= John Foster (composer) =

British composer and magistrate

John Foster (1752–1822) of High Green in the parish of Ecclesfield, West Riding of Yorkshire was a coroner and amateur musician. He composed two books of sacred music in a 19th-century classical style published between 1817 and 1822, Sacred Music and A 2d Collection of Sacred Music. Both books were published in York by Samuel Knapton (the father of the organist and composer Philip Knapton). They comprise 17 settings of metrical psalm and hymn texts (8 in the first book and 9 in the second), with orchestral and keyboard accompaniments, and are dedicated to Richard Lumley-Saunderson, 6th Earl of Scarbrough. There are copies of both books in the Sheffield Local Studies Library.

Foster is now best known as the composer of a tune known as Old Foster, to which the words While shepherds watched their flocks by night are sung in the South Yorkshire pub carolling tradition (for example, at the Fountain Inn at Ingbirchworth). A version of the tune is also sung at Castleton, Derbyshire, where it is known as Prince of Orange and used with the words Hark, the glad sound! the Saviour comes, by Philip Doddridge. The tune was originally published in A 2d Collection of Sacred Music as a setting of Psalm 47 in the metrical version by John Hopkins, Ye people all with one accord: the pub carol tradition is thought to originate from the ejection of 'west gallery' choirs and bands from parish churches in the mid-nineteenth century.

Foster is credited by Alfred Gatty, vicar of Ecclesfield from 1839 to 1903, with the suppression of dog- and cock-fighting in the local area.

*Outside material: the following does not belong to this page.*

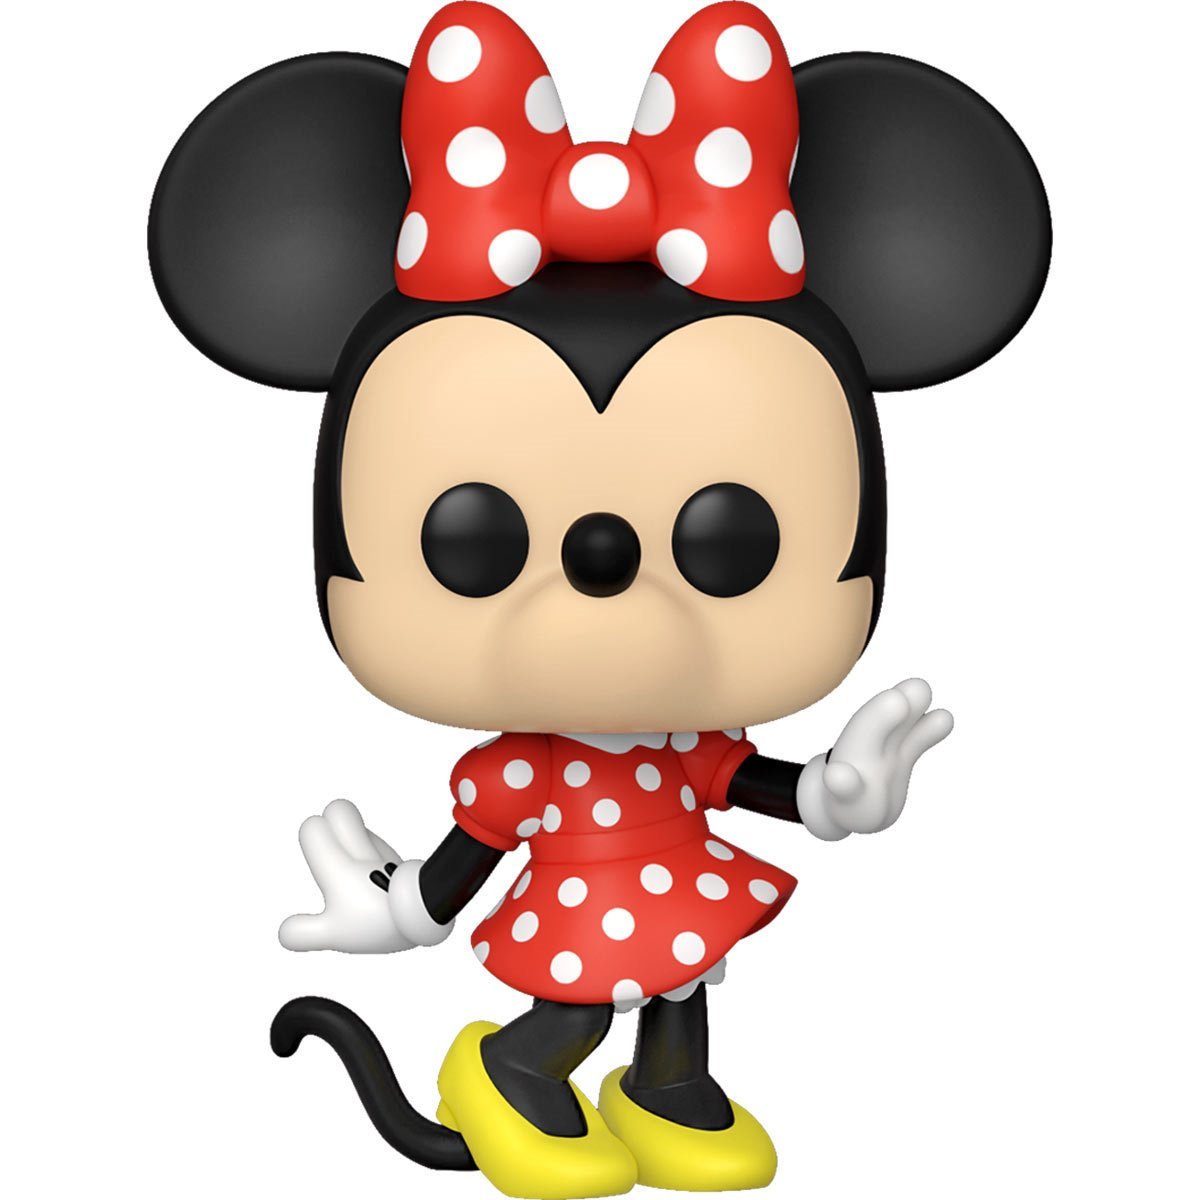 Hormiga lavabo Red Disney Classics Minnie Mouse Funko Pop! Vinyl Figure

Commercial recordings of two of Foster's works, with full orchestral accompaniments, have been made by the group 'Psalmody' conducted by Peter Holman. Their first CD While shepherds watched includes While shepherds watched their flocks by night sung to the 'Old Foster' or Ps. 47 tune, while their CD Haydn and his English Friends includes The God of Gods, the Lord, also taken from A 2d Collection of Sacred Music.